Why do most professional studios never use a Bluetooth keyboard and mouse? Do they emit a frequency that interferes with the sound? Is it a battery thing? Just curious...

And yet there is the logic remote app on iPad.


----------



## Phryq (Nov 4, 2017)

I'm planning to do a setup where I remotely control my main PC with a laptop, so I can be anywhere in my apartment, but have full power of my PC.

But I guess this is different than what you're thinking.


----------



## ptram (Nov 4, 2017)

Apart for the trackpad, I use Logic Remote and TocuhOSC apps to remotely control my DAW and sounds with an iPad.


----------



## Phryq (Nov 4, 2017)

I've used OSC, but there's a slight latency which I can't tolerate.


----------



## kitekrazy (Nov 4, 2017)

Josh Richman said:


> Why do most professional studios never use a Bluetooth keyboard and mouse? Do they emit a frequency that interferes with the sound? Is it a battery thing? Just curious...
> 
> And yet there is the logic remote app on iPad.



Sometimes those blue tooth devices by Logitech suck if you move around. Odd that PCI is phased out while the P/S2 still remains on boards.


----------



## rrichard63 (Nov 4, 2017)

If I recall correctly, the main issue is not interference but CPU load. That said, I do use wireless keyboards and mice because having both on the same USB receiver frees up a USB port, as well as decreasing cable clutter. I keep meaning to rethink that, but never do.

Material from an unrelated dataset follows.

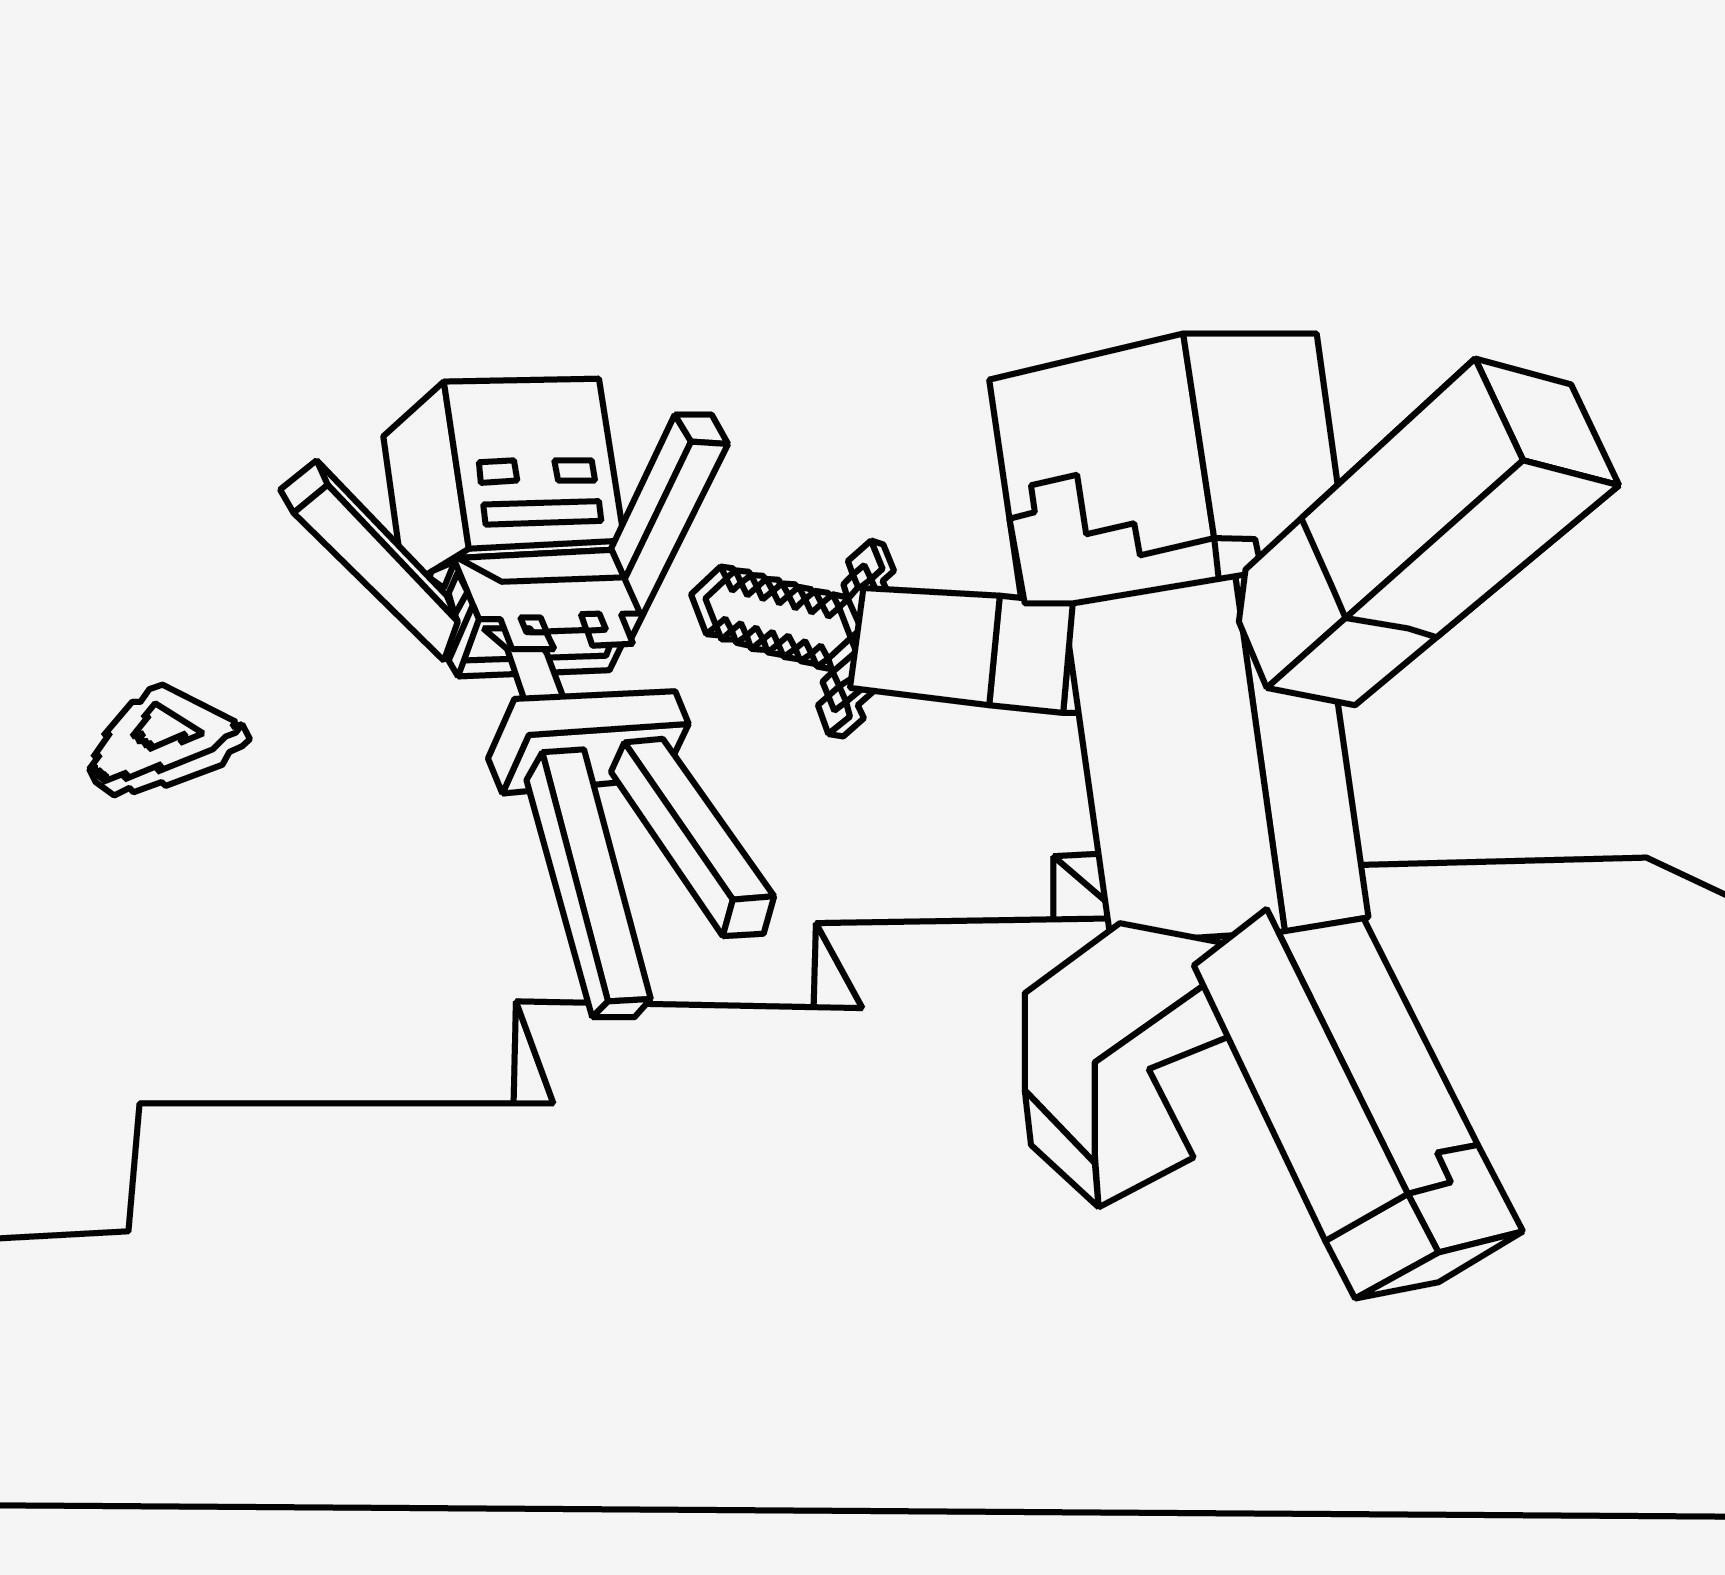 Ausmalbilder Minecraft Das Beste Von Awesome Minecraft Dantdm Coloring Pages – Nocn Fotos

I think wi-fi versus ethernet cable involves the same trade-offs.


----------



## URL (Feb 21, 2019)

Blue tooth in your studio and your hacked...!


----------



## URL (Feb 21, 2019)

Its best to isolate the studio room with aluminum foil, to avoid EMF and in the Air hackers ...


----------



## gsilbers (Feb 21, 2019)

the tracking is not that good imo. also batteries seem to ran out fast all the time. 
i have the apple mouse (W little wheel) and its the best of all for DAWs (imo) but the wireless and magic mouse verison sucked for me. it kepts missing tracking or batteries drained. its a small thing but if u are working on something and are realling into it and those little tracking issues or battery issue happen, its very annoying.


----------



## URL (Feb 21, 2019)

Yes I never look for bluetooth its bad regarding security and economic aspect.


----------



## dzilizzi (Feb 21, 2019)

One thing I do like about Apple keyboards is the USB outlets so you can plug your mouse in. I'm just a hobbyist, so not too worried about hacking. I only have a wireless mouse at the moment, but I am thinking of trying out a TouchOSC system using an old iPad.


----------



## URL (Feb 21, 2019)

I don't now if Pc is more safe than Apple regarding hacking of bluetooth gear, I use keyboard shortcuts as a TouchOSC function it works well and is cheap...


----------



## Bear Market (Feb 21, 2019)

I use Audreio (https://audre.io/) to stream audio to my phone straight from the DAW to check mixes. I find it is a nifty little app/plugin.


----------



## jmauz (Feb 21, 2019)

Bluetooth IME is finicky. The last thing you want to do with a deadline looming is fuck around with a bluetooth keyboard that won't work. I've been there, and thankfully I had a wired keyboard stashed in the machine room. 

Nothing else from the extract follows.